DATA EXTRACT |
◆ ◆ ◆

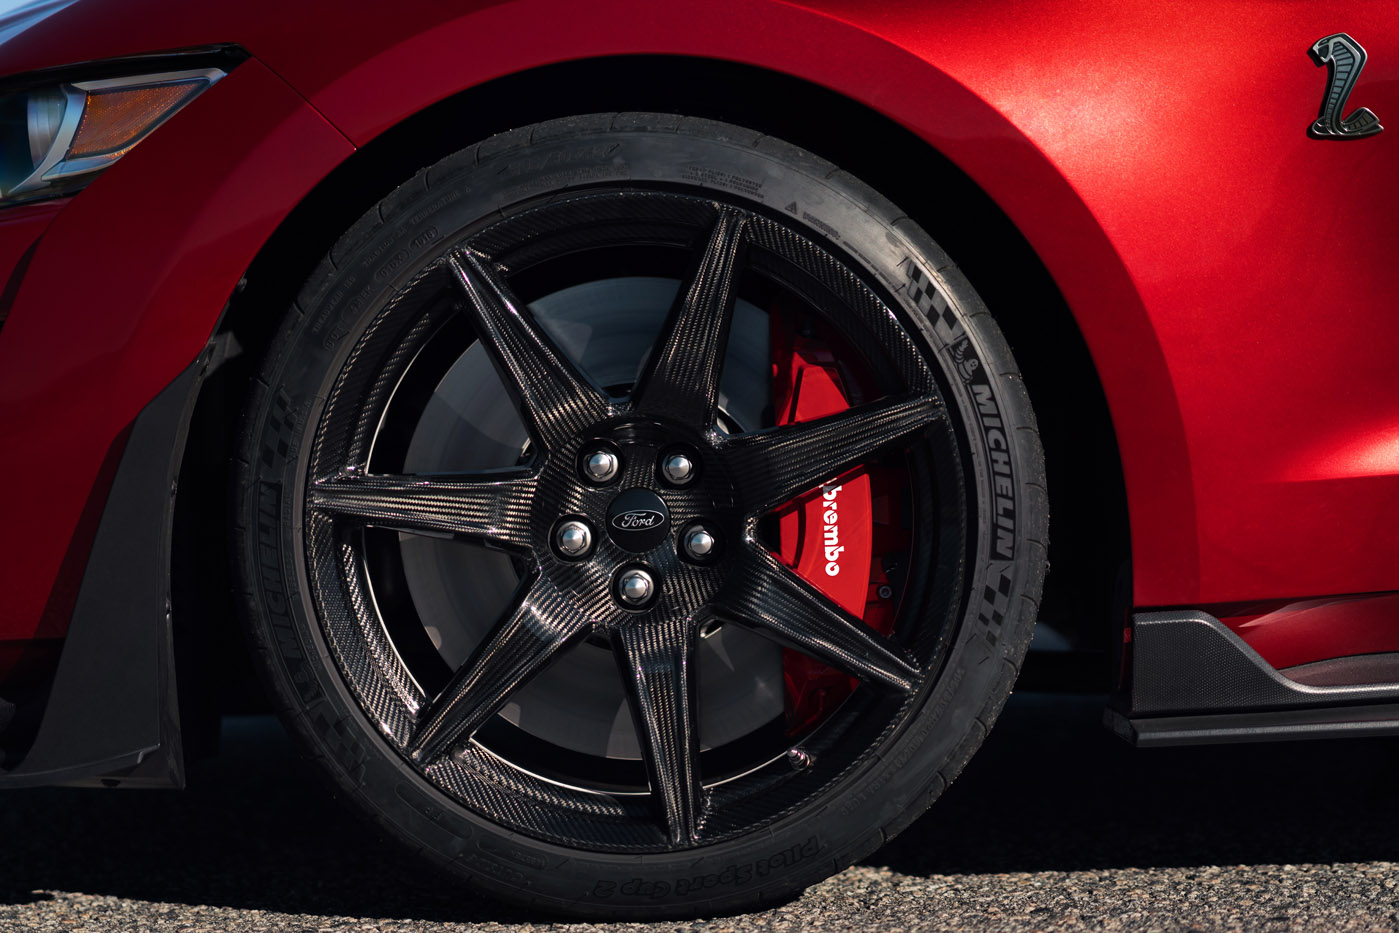 Felgi i hamulce - Ford Mustang Shelby GT500 - premiera
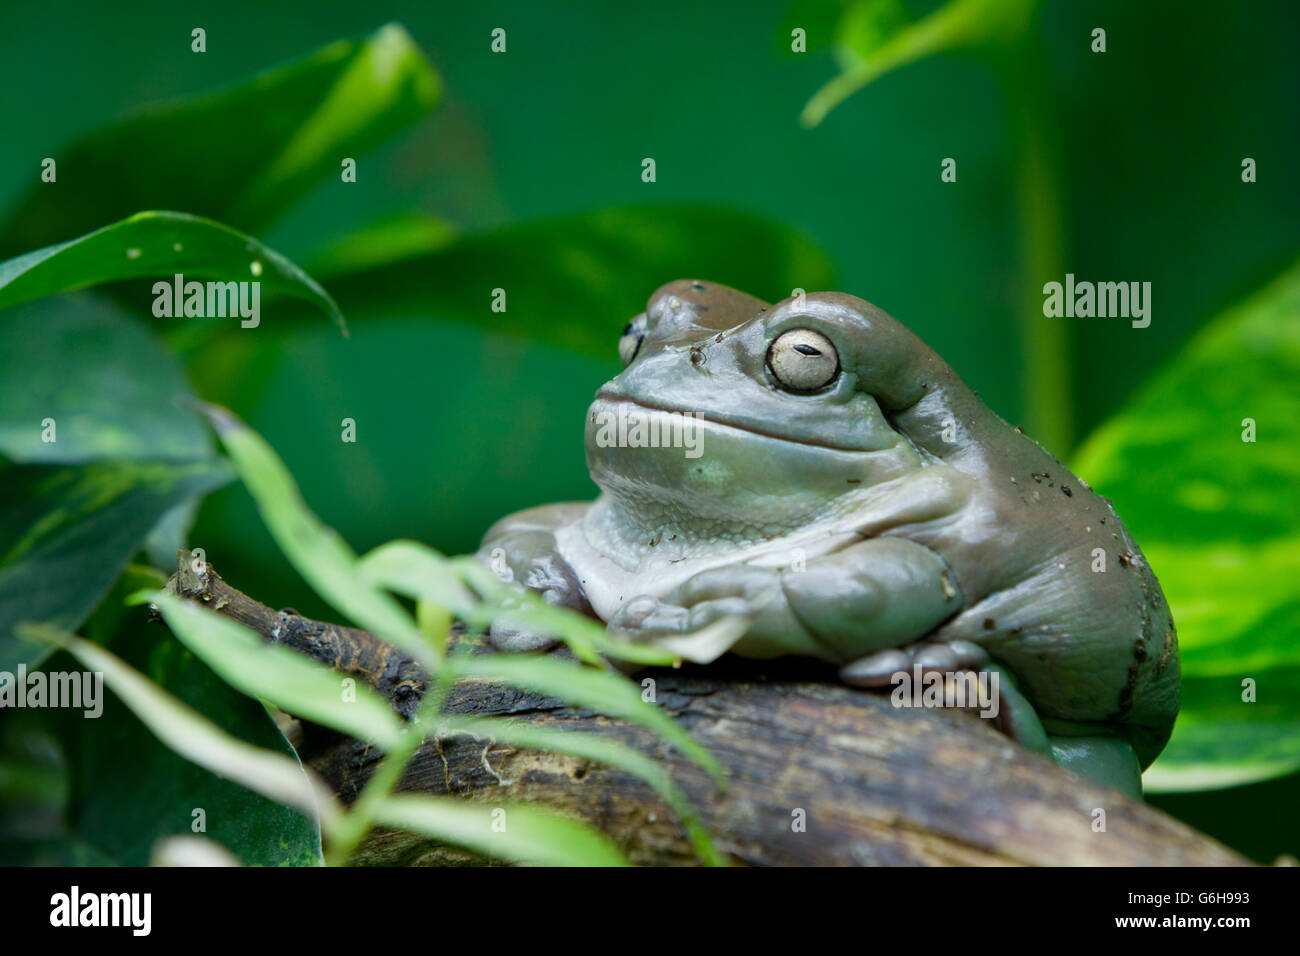 Makifrosch, Makifrog - Stock Image
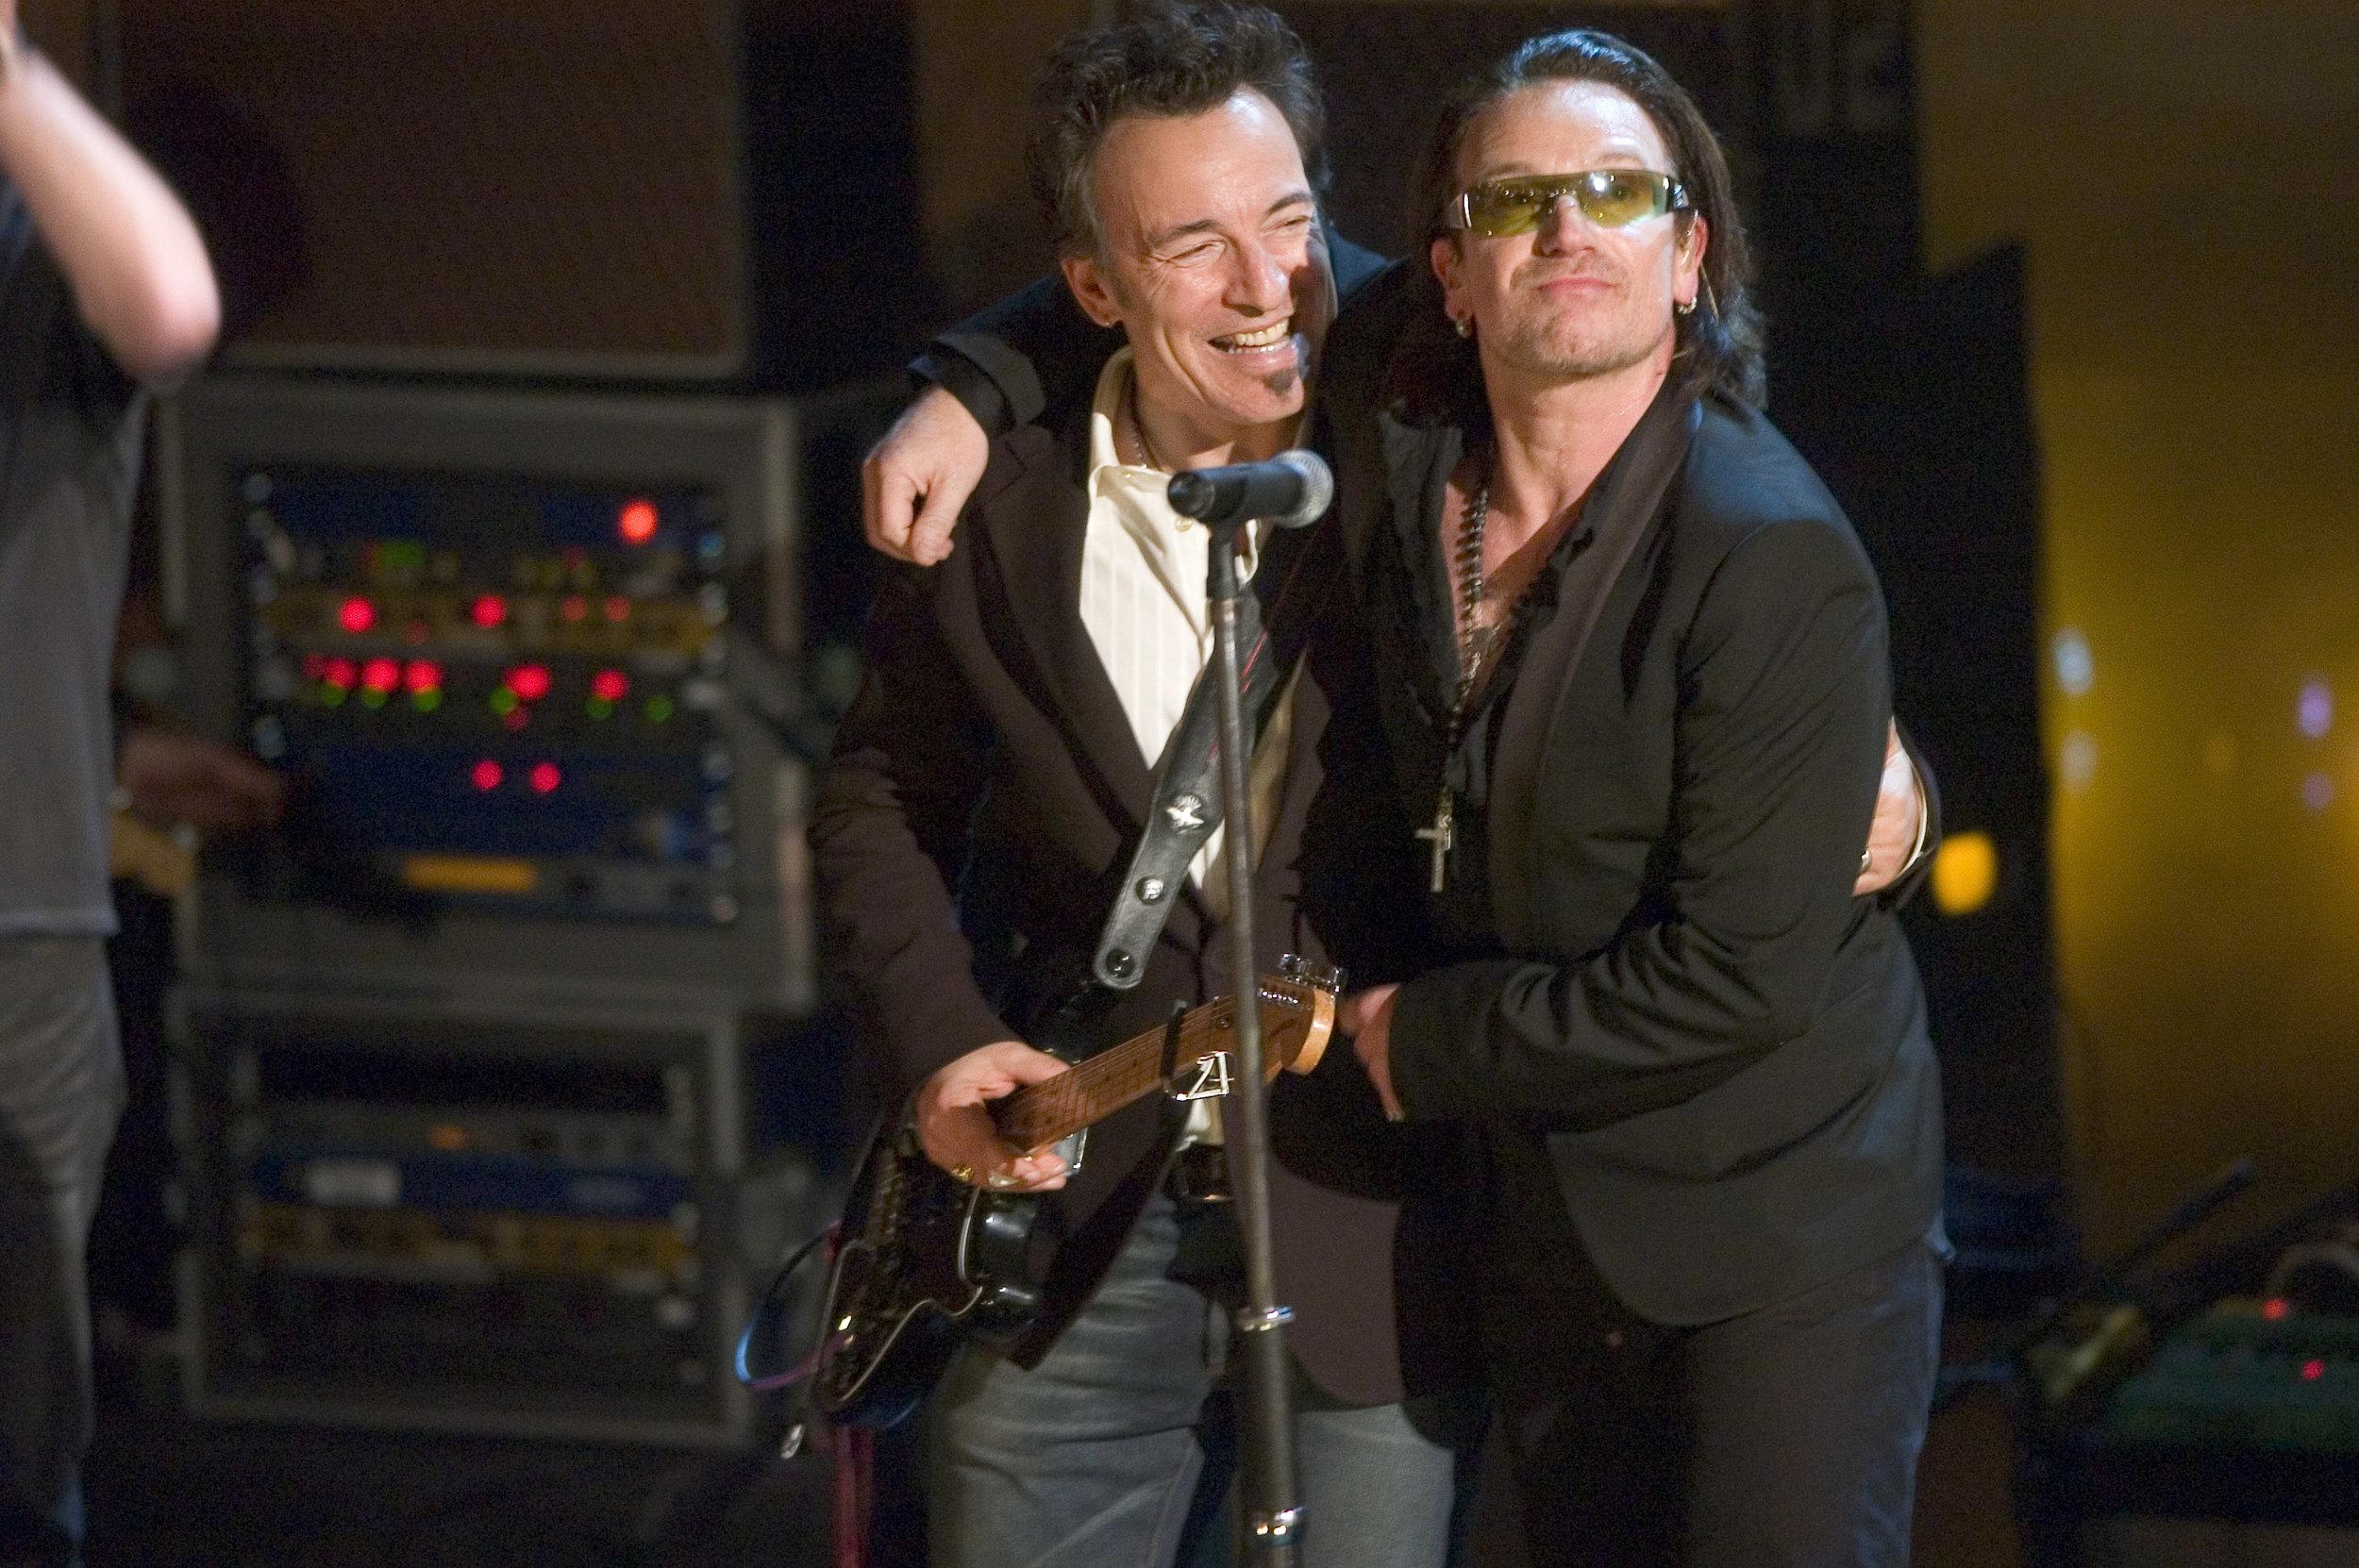 Bruce and Bono_67.jpg

◆ ◆ ◆

EXERCISE GOAL | No pictures should appear in the copy. Print exactly the lines above from the line containing "Makifrosch, Makifrog - Stock Image" through the last line of the data.

RESPONSE TO THE TASK |
 Makifrosch, Makifrog - Stock Image
 Bruce and Bono_67.jpg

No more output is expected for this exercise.